- What you need to do:
Write out exactly, please, the lines from the one containing "ももクロ×KISS JAPAN TOUR 2015会場限定Tシャツ" to the end of the material.

------ Available data

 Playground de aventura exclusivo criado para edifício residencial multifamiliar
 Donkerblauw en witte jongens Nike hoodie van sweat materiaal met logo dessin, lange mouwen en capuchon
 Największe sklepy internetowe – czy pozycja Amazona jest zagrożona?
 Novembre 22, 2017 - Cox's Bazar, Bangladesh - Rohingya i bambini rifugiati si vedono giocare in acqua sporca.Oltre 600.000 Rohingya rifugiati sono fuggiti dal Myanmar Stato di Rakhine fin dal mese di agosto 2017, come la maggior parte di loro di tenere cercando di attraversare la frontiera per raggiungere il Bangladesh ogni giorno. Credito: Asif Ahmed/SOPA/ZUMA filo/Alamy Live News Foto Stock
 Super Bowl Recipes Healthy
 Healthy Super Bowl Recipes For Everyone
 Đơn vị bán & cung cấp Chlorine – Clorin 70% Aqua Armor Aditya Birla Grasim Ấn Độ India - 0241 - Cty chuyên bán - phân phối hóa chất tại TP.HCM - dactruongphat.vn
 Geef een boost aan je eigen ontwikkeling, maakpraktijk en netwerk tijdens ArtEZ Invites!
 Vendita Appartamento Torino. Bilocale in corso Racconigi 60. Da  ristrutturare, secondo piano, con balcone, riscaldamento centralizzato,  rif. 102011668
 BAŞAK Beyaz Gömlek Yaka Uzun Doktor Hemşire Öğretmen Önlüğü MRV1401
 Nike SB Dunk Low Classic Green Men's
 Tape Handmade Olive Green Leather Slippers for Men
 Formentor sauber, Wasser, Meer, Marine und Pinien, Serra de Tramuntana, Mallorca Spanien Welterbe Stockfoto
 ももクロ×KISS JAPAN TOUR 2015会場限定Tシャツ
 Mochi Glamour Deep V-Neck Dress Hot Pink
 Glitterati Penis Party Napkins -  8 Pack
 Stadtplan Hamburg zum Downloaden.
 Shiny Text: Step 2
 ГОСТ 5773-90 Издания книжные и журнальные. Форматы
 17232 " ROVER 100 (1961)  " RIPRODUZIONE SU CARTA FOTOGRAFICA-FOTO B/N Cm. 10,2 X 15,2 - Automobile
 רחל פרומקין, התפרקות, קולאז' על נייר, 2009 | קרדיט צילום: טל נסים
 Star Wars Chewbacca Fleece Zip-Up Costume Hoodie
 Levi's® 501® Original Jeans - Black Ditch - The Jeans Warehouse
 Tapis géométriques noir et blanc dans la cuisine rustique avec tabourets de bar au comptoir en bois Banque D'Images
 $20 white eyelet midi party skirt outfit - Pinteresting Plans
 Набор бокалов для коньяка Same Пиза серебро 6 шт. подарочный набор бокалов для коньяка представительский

------------

- Completed exercise:
 ももクロ×KISS JAPAN TOUR 2015会場限定Tシャツ
 Mochi Glamour Deep V-Neck Dress Hot Pink
 Glitterati Penis Party Napkins -  8 Pack
 Stadtplan Hamburg zum Downloaden.
 Shiny Text: Step 2
 ГОСТ 5773-90 Издания книжные и журнальные. Форматы
 17232 " ROVER 100 (1961)  " RIPRODUZIONE SU CARTA FOTOGRAFICA-FOTO B/N Cm. 10,2 X 15,2 - Automobile
 רחל פרומקין, התפרקות, קולאז' על נייר, 2009 | קרדיט צילום: טל נסים
 Star Wars Chewbacca Fleece Zip-Up Costume Hoodie
 Levi's® 501® Original Jeans - Black Ditch - The Jeans Warehouse
 Tapis géométriques noir et blanc dans la cuisine rustique avec tabourets de bar au comptoir en bois Banque D'Images
 $20 white eyelet midi party skirt outfit - Pinteresting Plans
 Набор бокалов для коньяка Same Пиза серебро 6 шт. подарочный набор бокалов для коньяка представительский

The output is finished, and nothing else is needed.